[Start of Attachment]
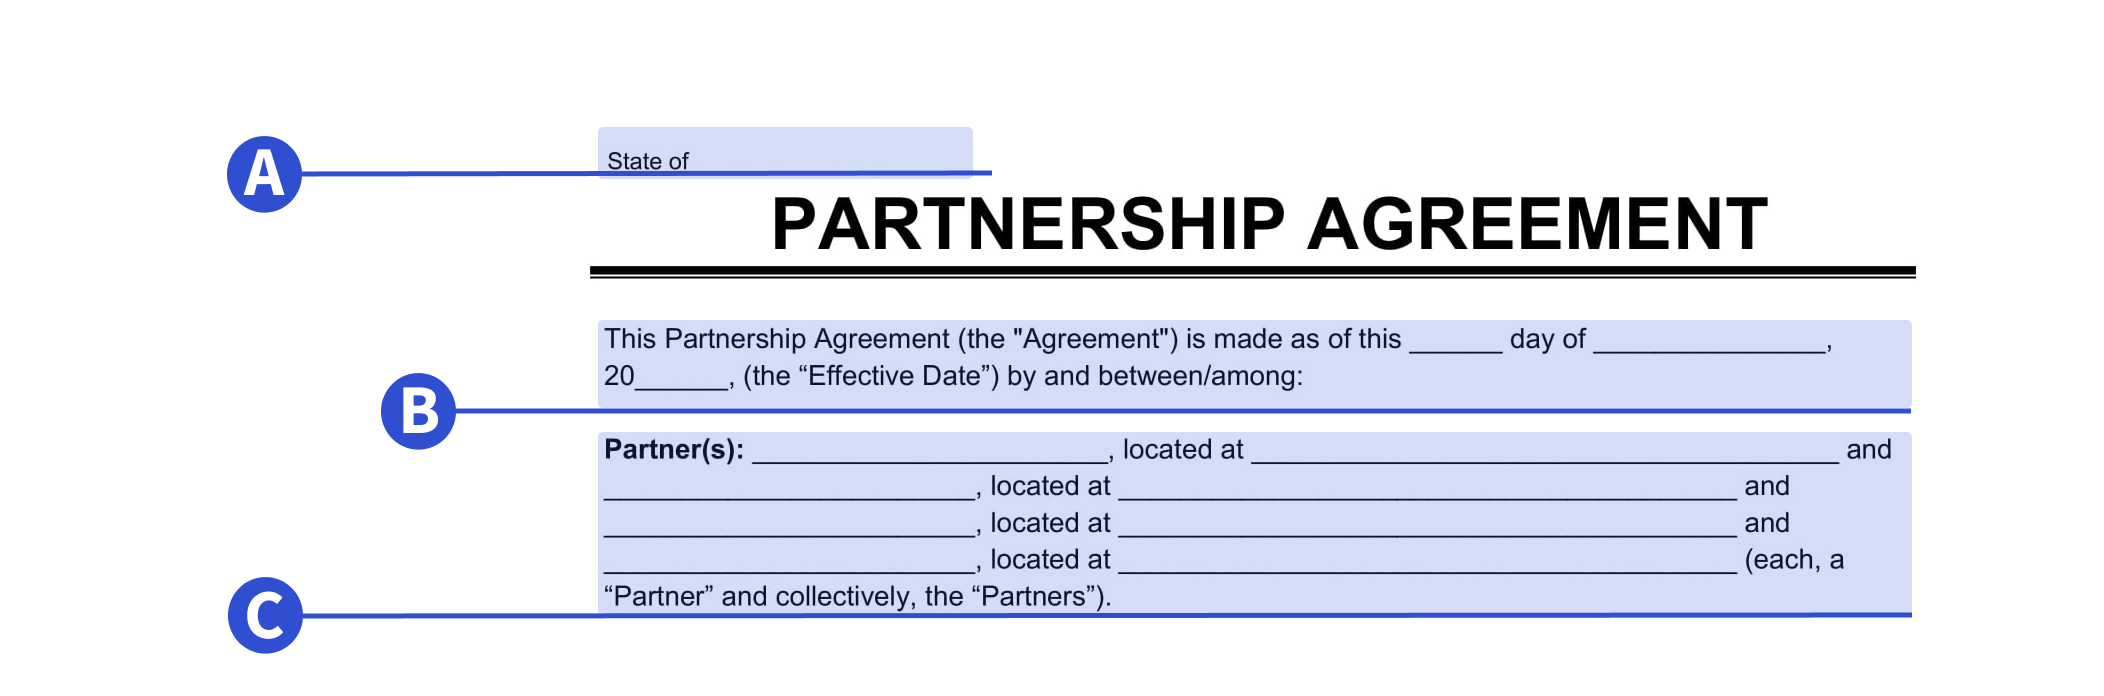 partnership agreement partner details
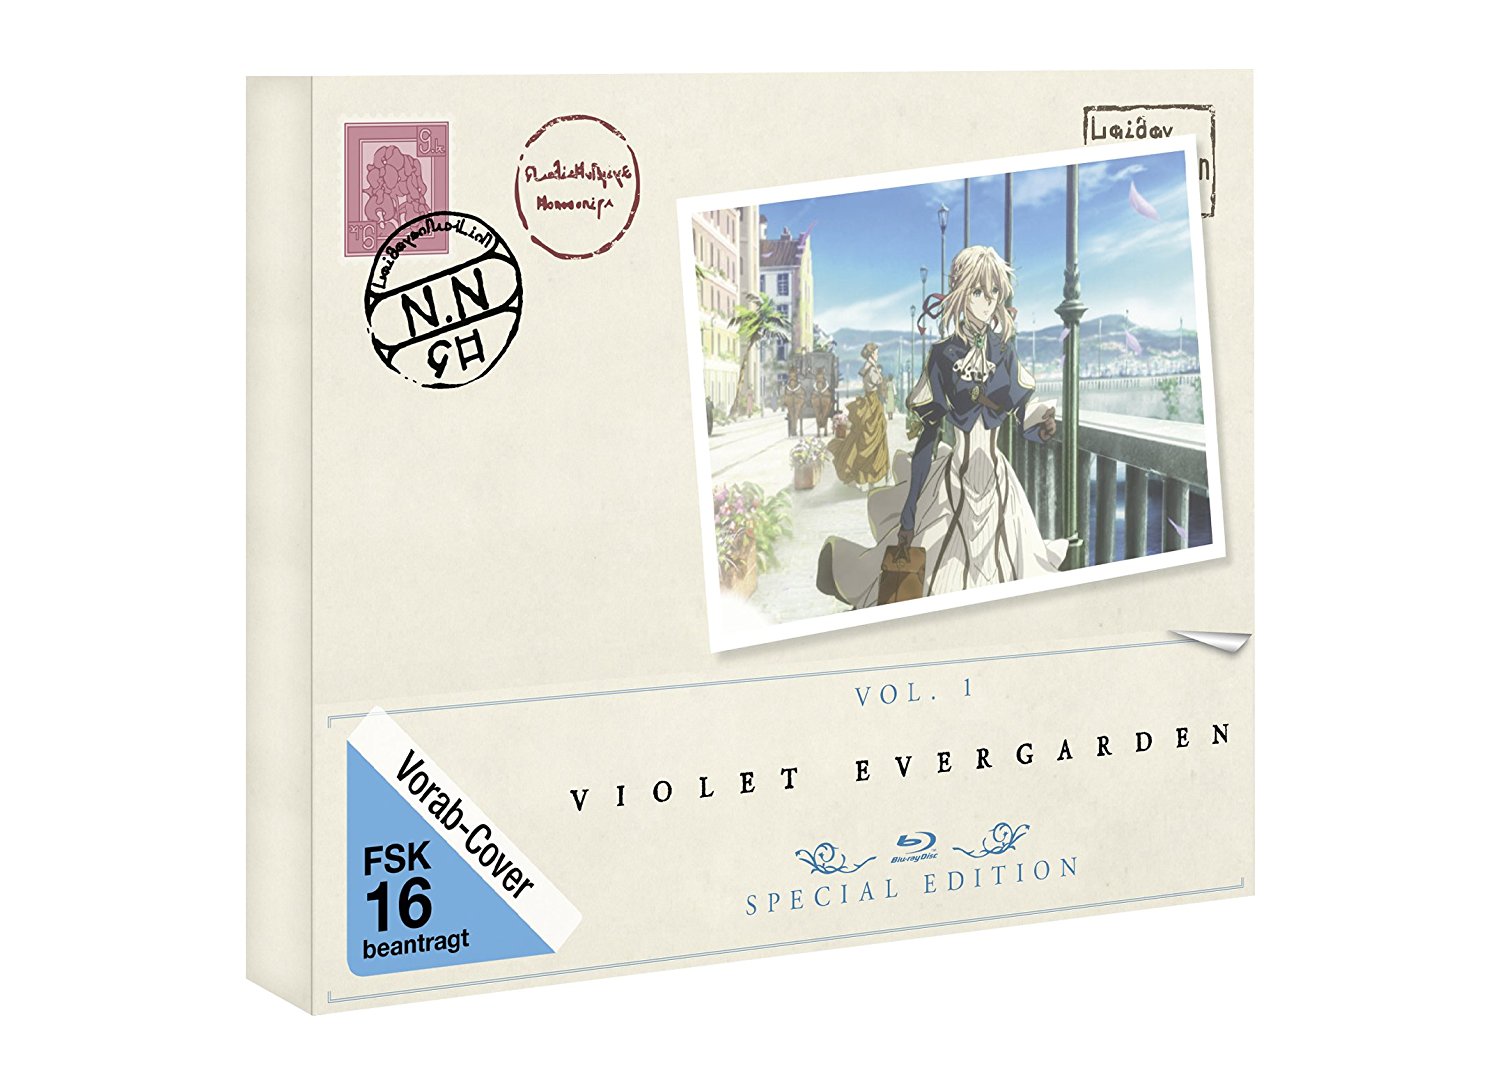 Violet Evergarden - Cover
[End of Attachment]
[Start of Attachment]
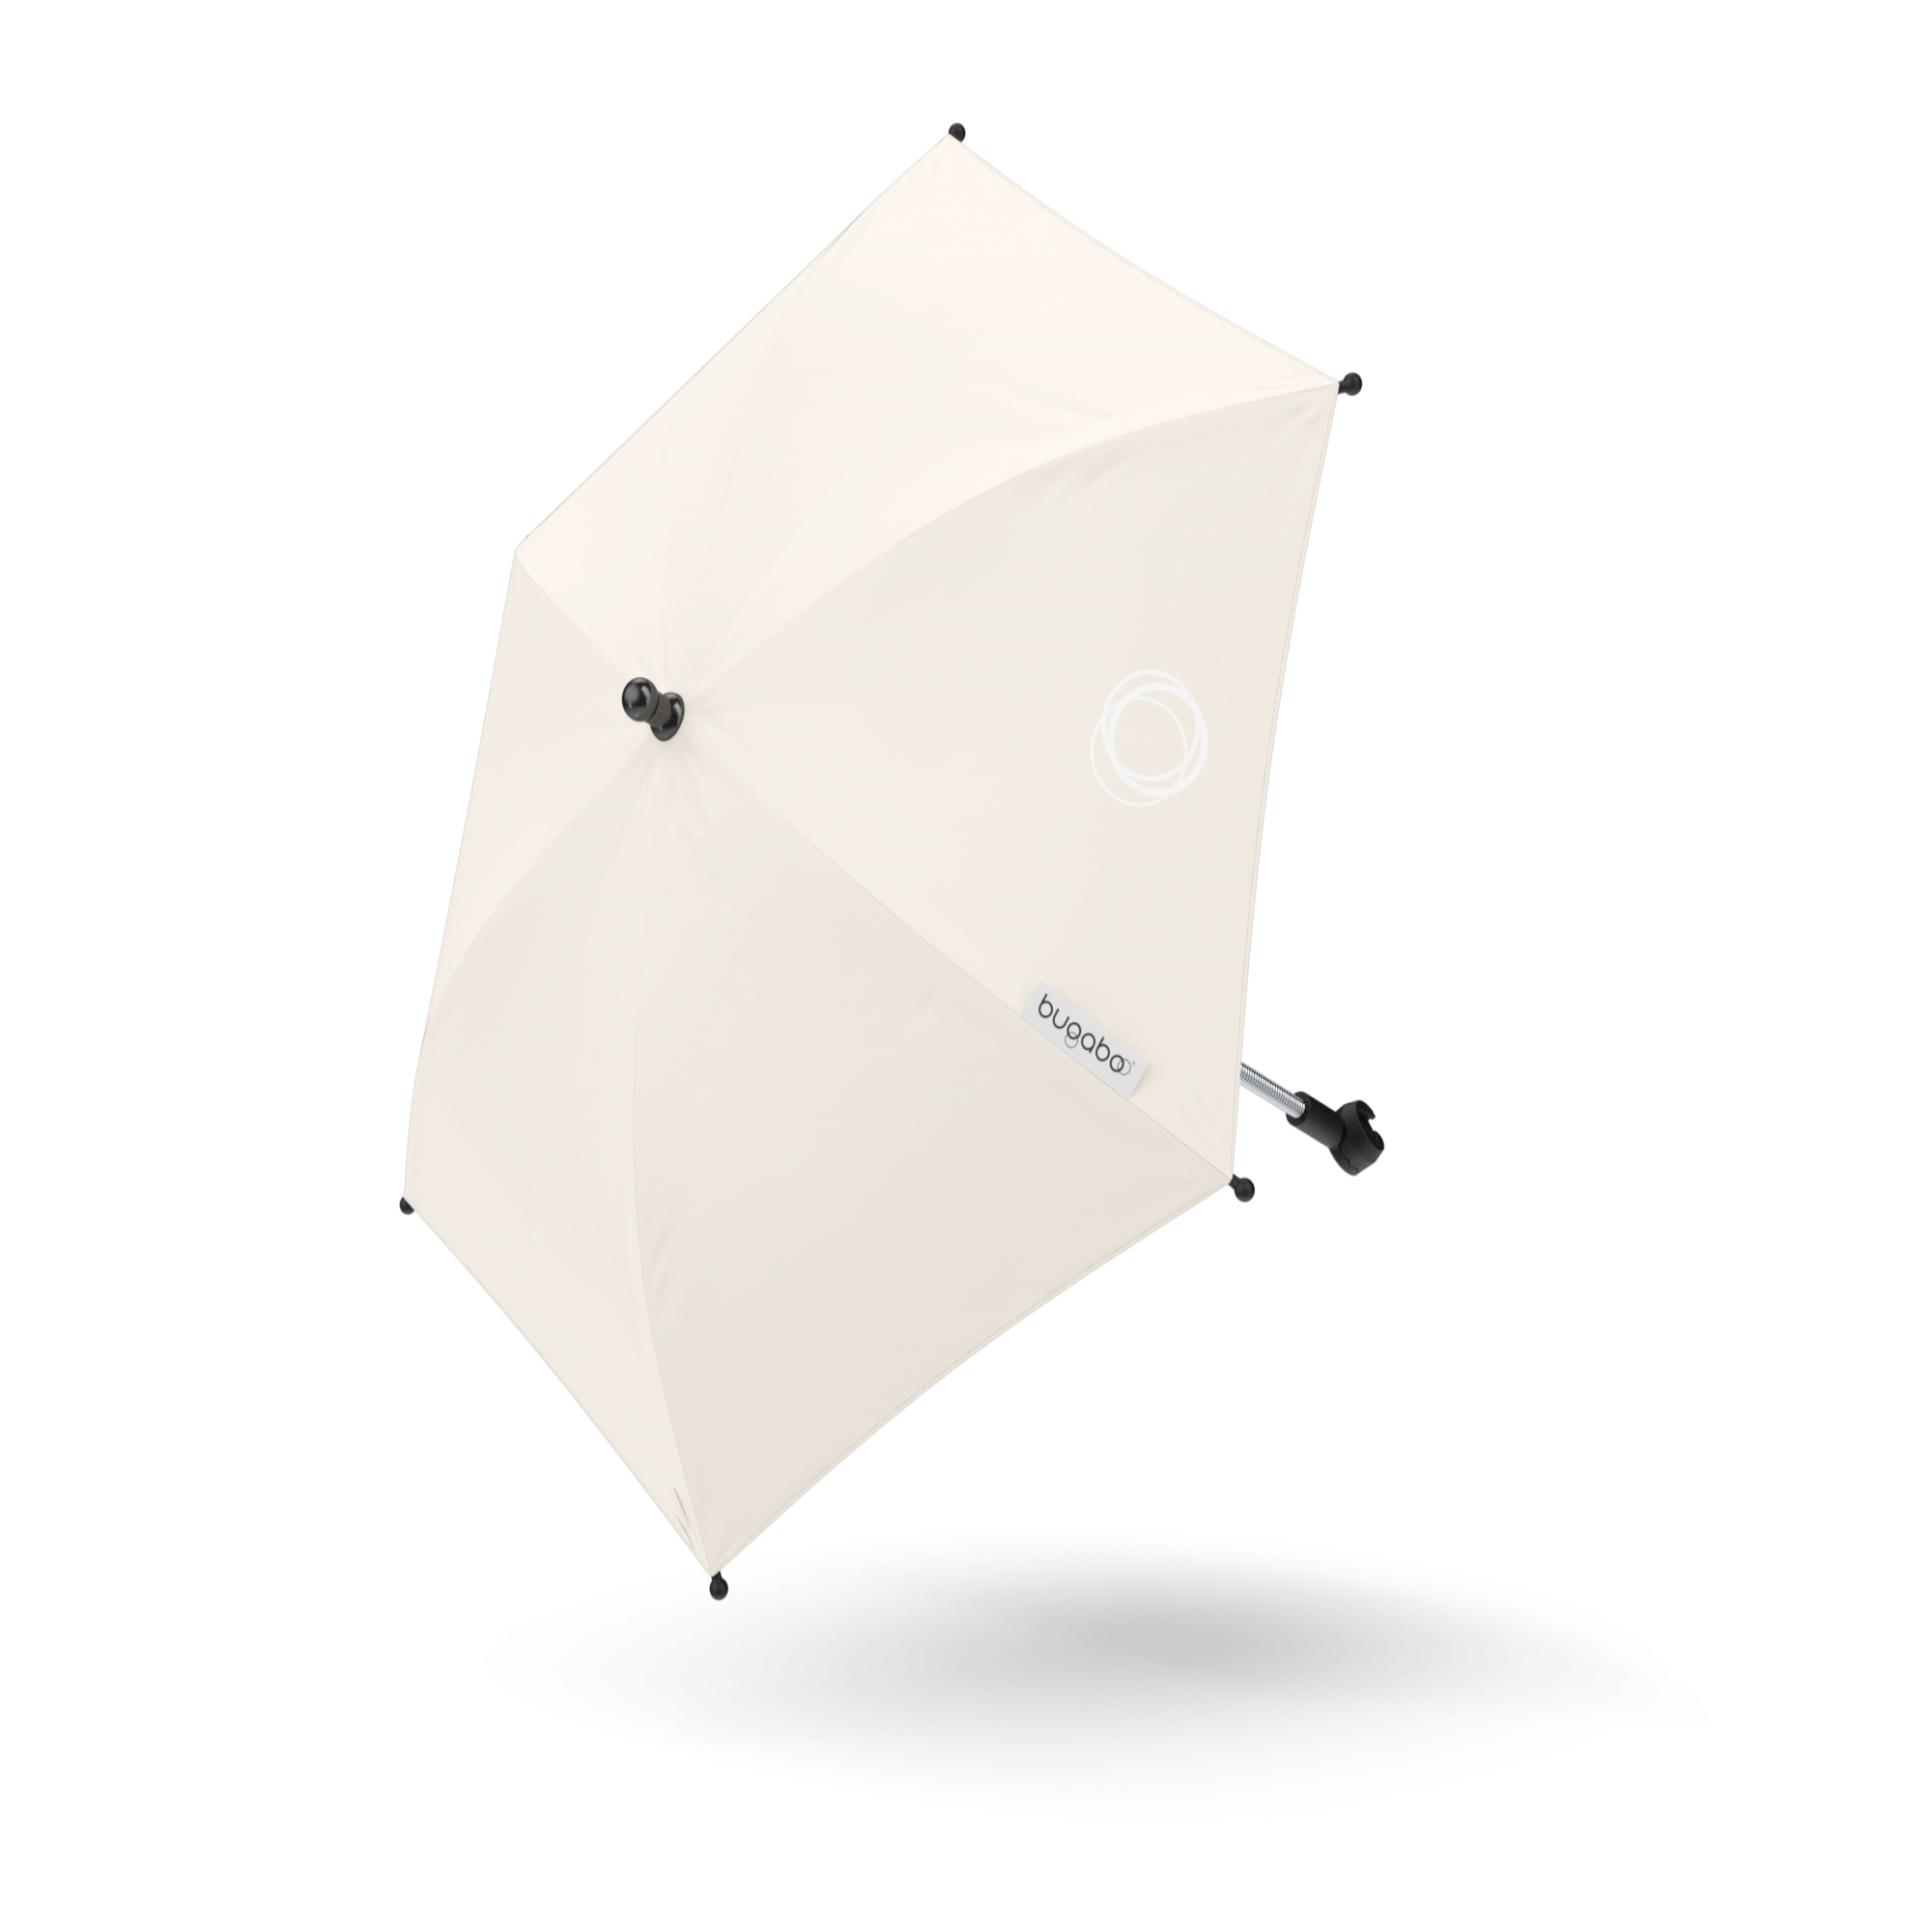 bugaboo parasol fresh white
[End of Attachment]
[Start of Attachment]
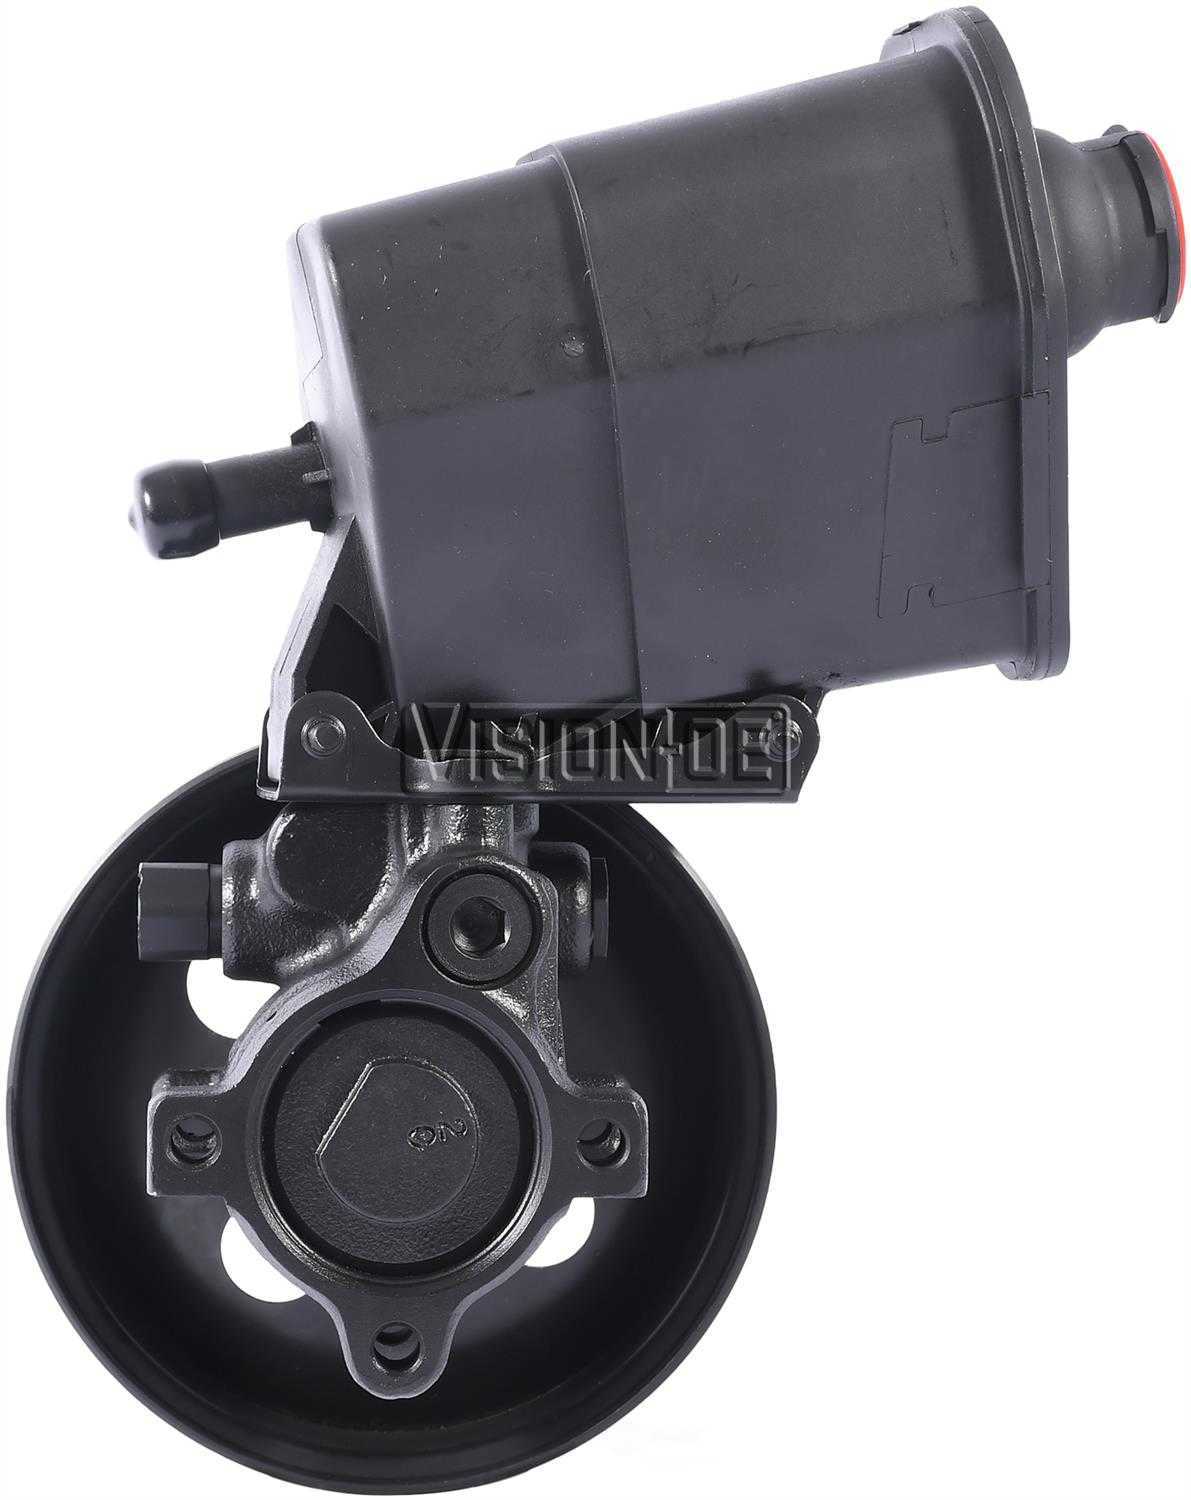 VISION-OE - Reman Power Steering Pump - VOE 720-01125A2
[End of Attachment]
Look above for the line with "partnership agreement partner details"; quote it and every line after it, stopping after the line with "Violet Evergarden - Cover", exactly, with nothing added and without pictures.

# [TASK ANSWER]
 partnership agreement partner details
 Violet Evergarden - Cover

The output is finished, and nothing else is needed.